= Eric Longden =

Eric Longden was a British cyclecar brand manufactured from 1920 to 1927, originally by the Australian racing driver Eric Longden, and from 1922 by the Air Navigation and Engineering Company from Addlestone (Surrey). ANEC also built the Blériot-Whippet.

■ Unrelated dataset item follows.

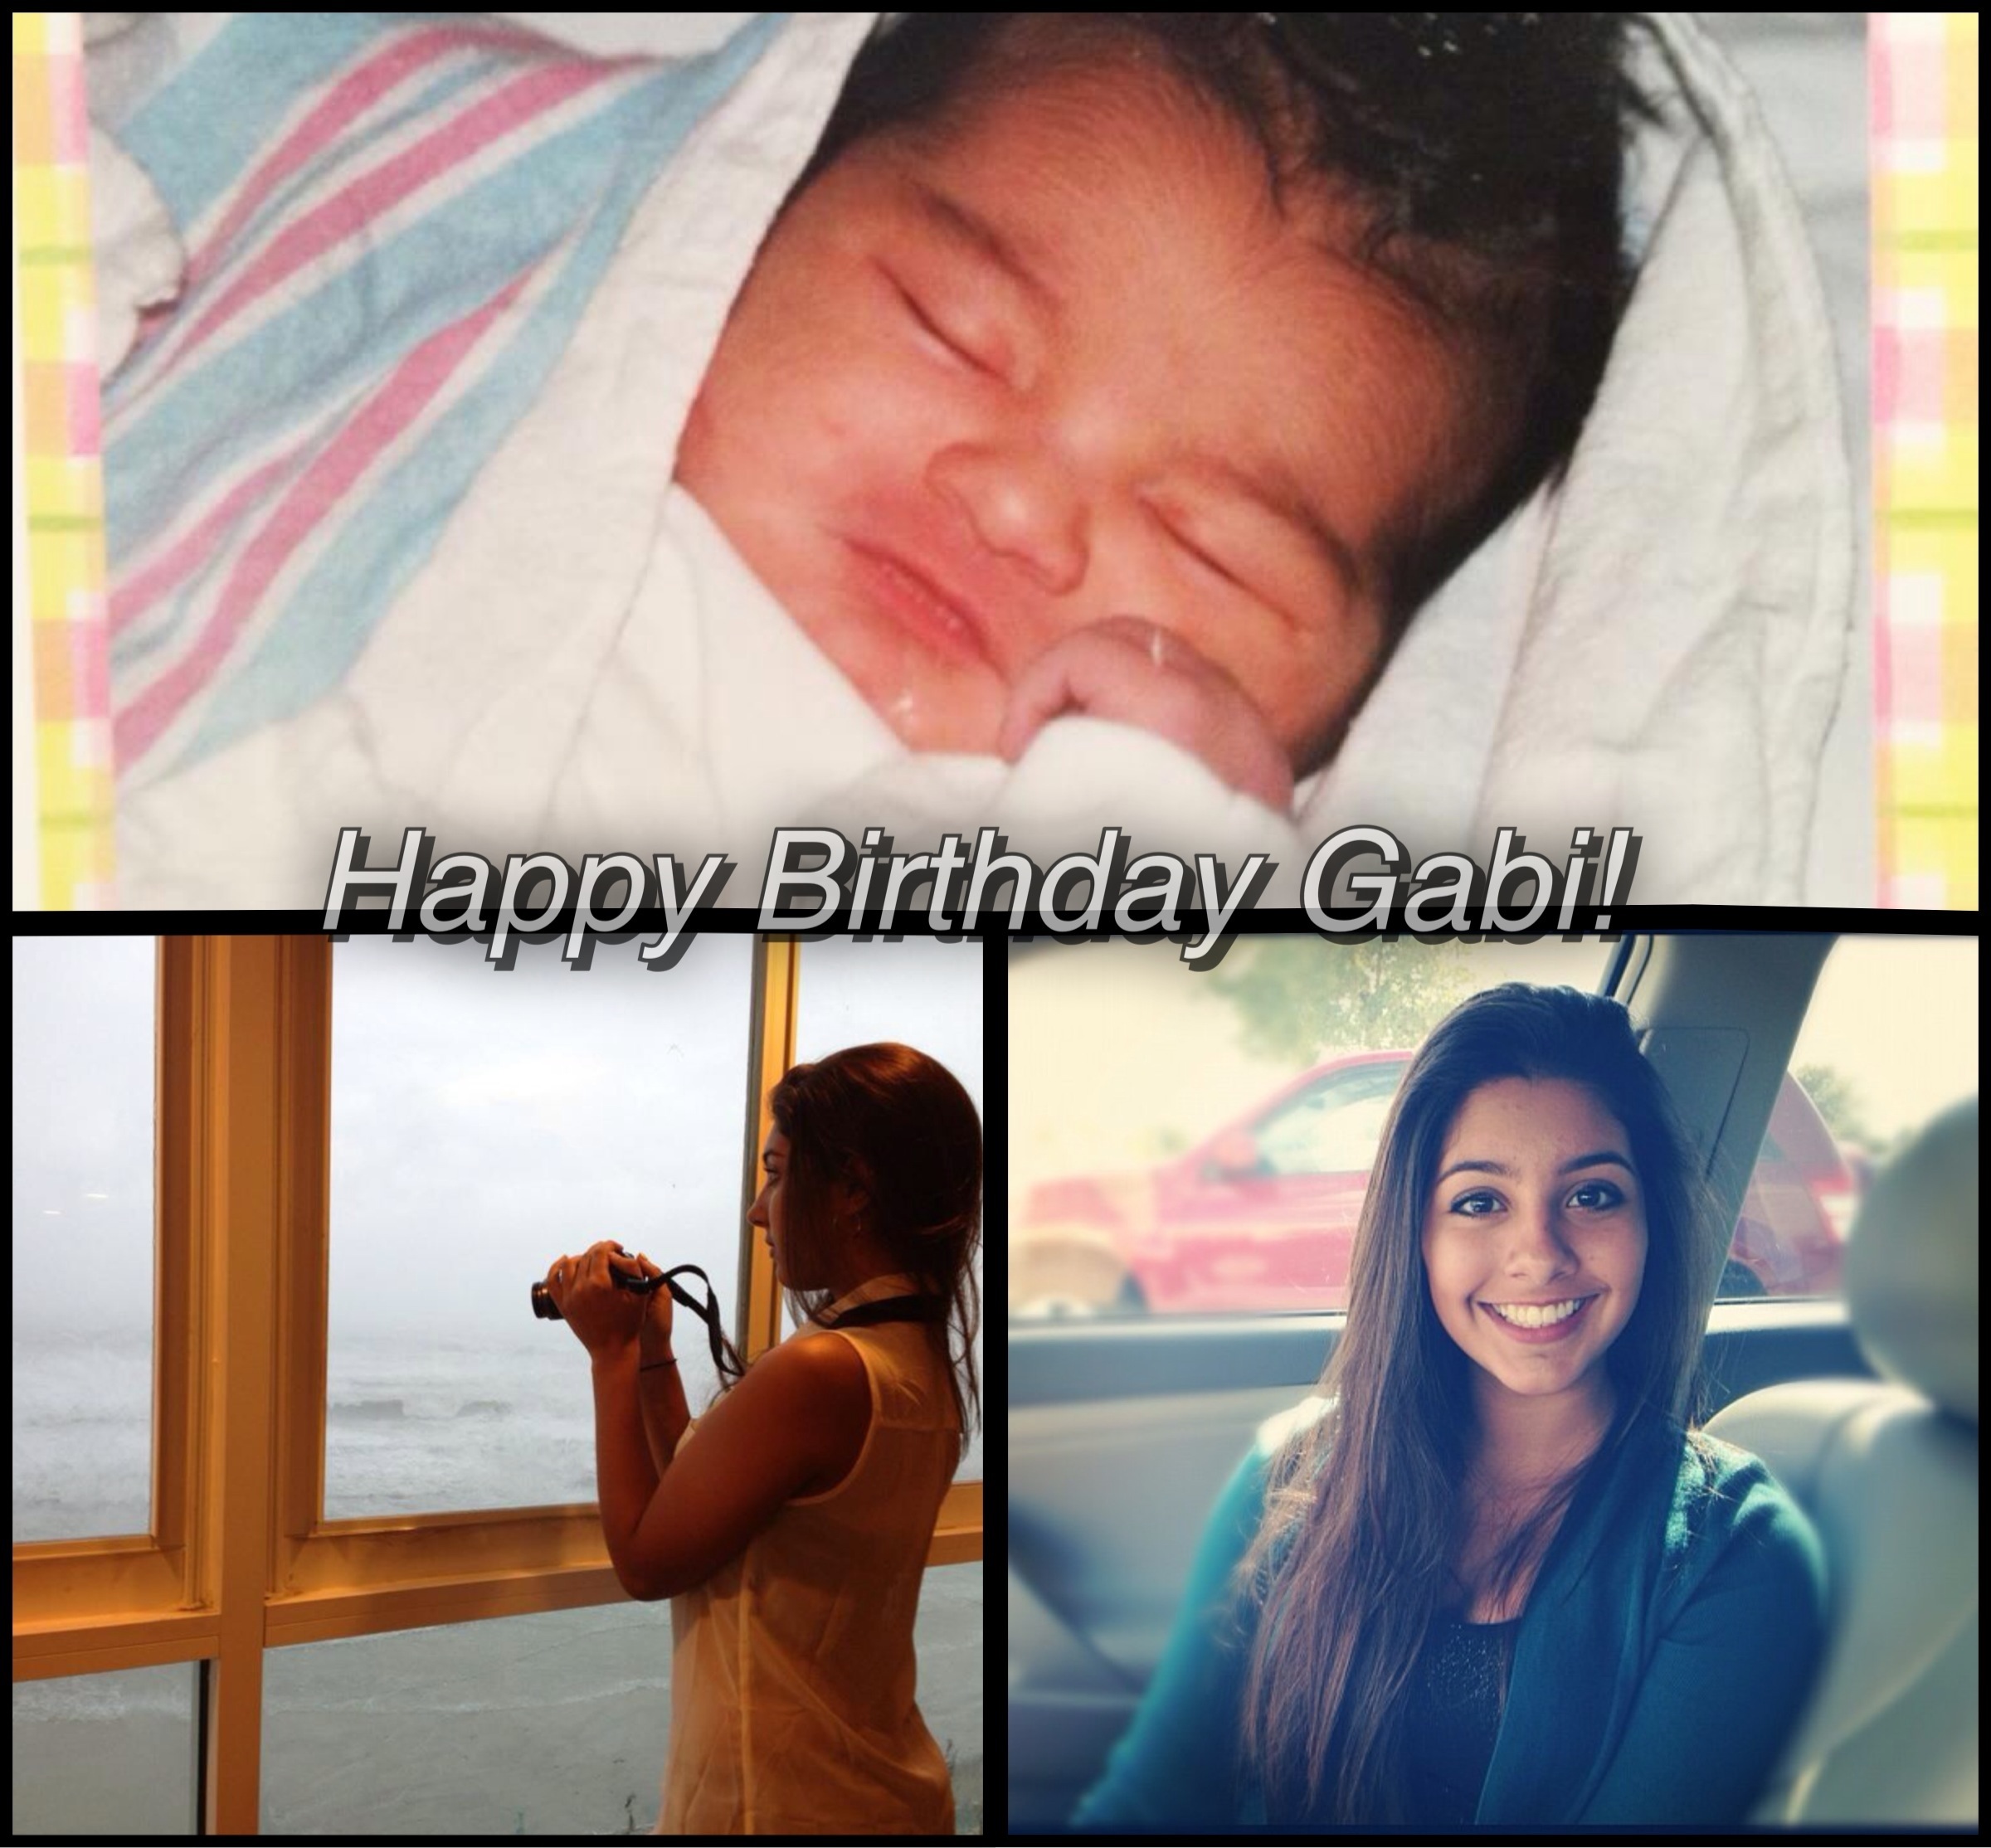 Gabi turns 15

In 1922 there were four models: The 8 hp and 10 hp both had V2 engines. The 8 hp was side-valved and had a 1.0 litre displacement, while the 10 hp had overhead valves and a 1.1 litre displacement. There were also two side-valve four-cylinder models, the 9 hp, with a 1.1 litre displacement and the 11 hp with 1.3 litre displacement. Both four-cylinder versions had a wheelbase of 2489 mm.

During 1923, the 11 hp changed to a slightly smaller engine of 1.25 litres and an extended 2540 mm wheelbase. From 1924 onwards, this was the only model offered.

== Models ==

| Model | Period | Cylinders | Capacity | Wheelbase |
|---|---|---|---|---|
| 8 hp | 1922 | 2 V | 974 cm^{3} |  |
| 9 hp | 1922–1923 | 4 Inline | 1074 cm^{3} | 2489 mm |
| 10 hp | 1922 | 2 V | 1081 cm^{3} |  |
| 11 hp | 1922–1923 | 4 Inline | 1320 cm^{3} | 2489 mm |
| 11 hp | 1923–1927 | 4 Inline | 1261 cm^{3} | 2540 mm |

== Literature ==
- David Culshaw, Peter Horrobin: The Complete Catalogue of British Cars 1895–1975. Veloce Publishing PLC, Dorchester 1997, ISBN 1-874105-93-6.